Sunday, May 25, 2008

lots to think about today!

Well, this day has been a long one. I had a text message at 3:30 this morning to say that Jen, my daughter-in-law, had finally gone into labour, more than a week past the due date! And now, many hours later, I still can't quite yet say that I'm a grandma. It's getting closer, but I'm not there yet!
So in the meantime, while I wait, along with everyone else who is part of this family, I've had to try to keep busy.
I went to church in block 10 this morning, and had been asked to visit a man with Parkinson's, so after church I went to see him. I took Janna to help with the Spanish, because mine is still not up to snuff (will it ever be, I wonder?). And oh, it was a heartbreaking visit. I wept when I left. This is a 54 year old man, diagnosed 15 years ago with Parkinson's, a progressive disease. It's an unhappy diagnosis for a young person in Canada, where the healthcare is good, with access to good doctors, and medications, and help at home if you need it. But to have to live with this disease here, living in block 10 in Bastion, such a poor community.........if you have no money, then you just don't go to the doctor. And if you run out of medication and there's no money, you just do without.
It was a little work to get the story straight, it sounded as though he had maybe had a bit of a stroke some months ago, he some sort of episode, and was in the hospital, but no tests, NONE, were done at the time, so who knows.
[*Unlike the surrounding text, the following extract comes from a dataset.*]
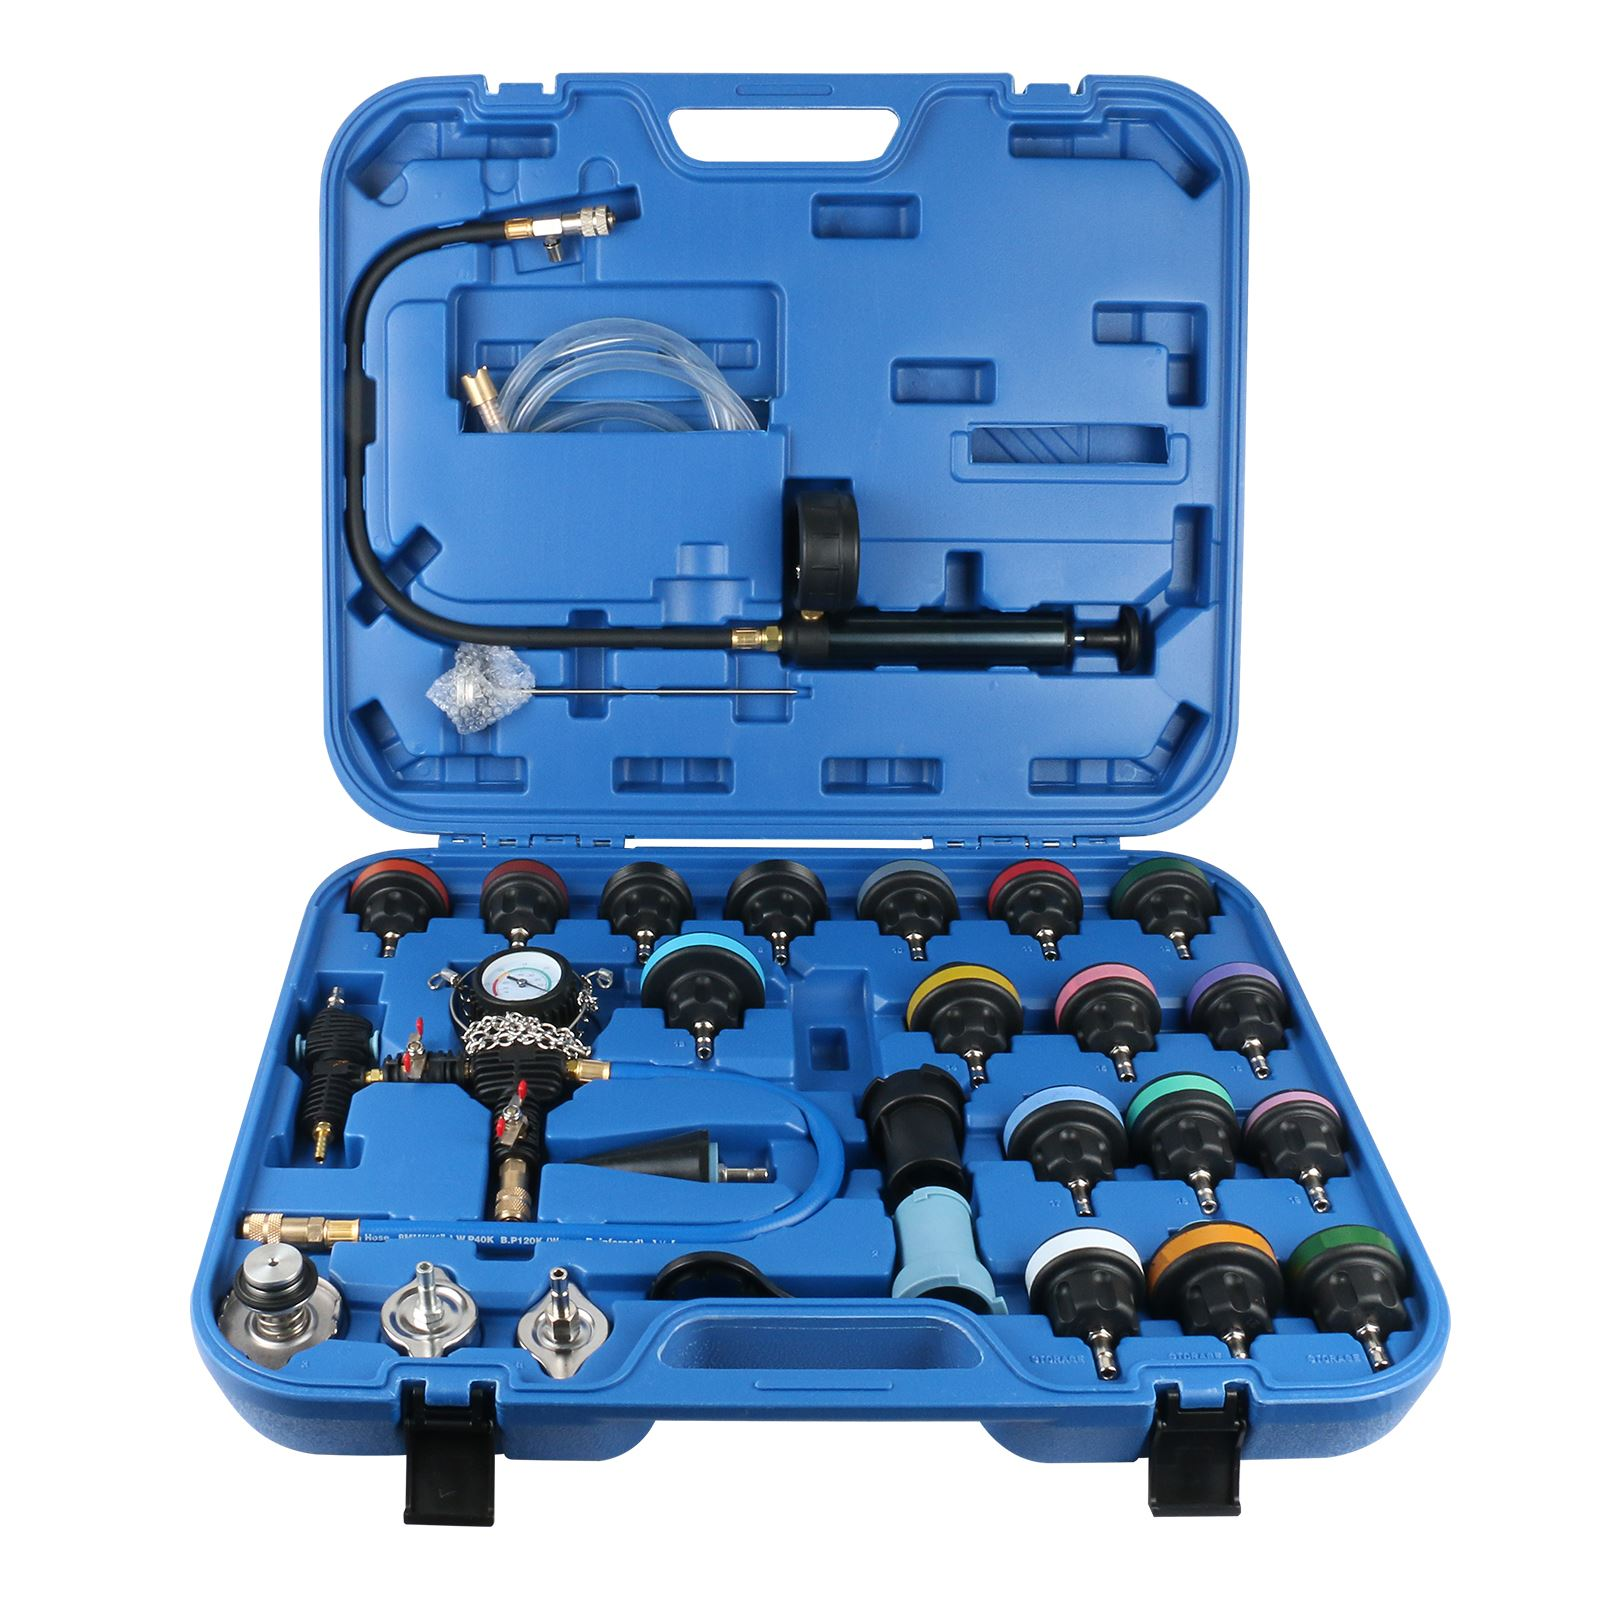 PEUGEOT 505 551D 2.0 Handbrake Cable Rear 82 to 89 Hand Brake Parking QH 483477

Some Cuban doctor says he needs to have surgery, but nobody is clear as to what it's for, and they've told her (the man's wife) it will cost thousands! And to come back when they have the money!! They don't even have the money for a basic consultation with a doctor. He hasn't had a review in over 6 months - no money. When I arrived, he seemed not too bad, but in the space of 10 minutes, the morning med wore off, and it was awful to see. Shaking out of control, his little wife having to half carry him around the house, his young son exercising his arms up and down, because he feels as though they "go to sleep". No speech. And the next dose not due until evening.
Can I do anything to help - I don't know. That was partly the cause of my tears after I left, I feel so helpless in the face of that. What I can do is make sure he has the meds he needs and try to find him a good neurologist, and be sure he is seen regularly, and the meds adjusted when they need to be. And I'll start reading up on Parkinson's and meds, so that I have some knowledge when we see a doctor. And above all, I can pray.

1 comment:

Tim Horne said...

I felt much the same with him Heather. He really needs Christ. It is sad to see how his illness effects the whole family but God has worked in all of them- Gabriel was baptized this March wasn't he? He is such a nice kid. Those are the lessons we learn from time to time, just how small we really are. We are powerless were it not for prayer. I will continue praying for that man's salvation- his biggest need.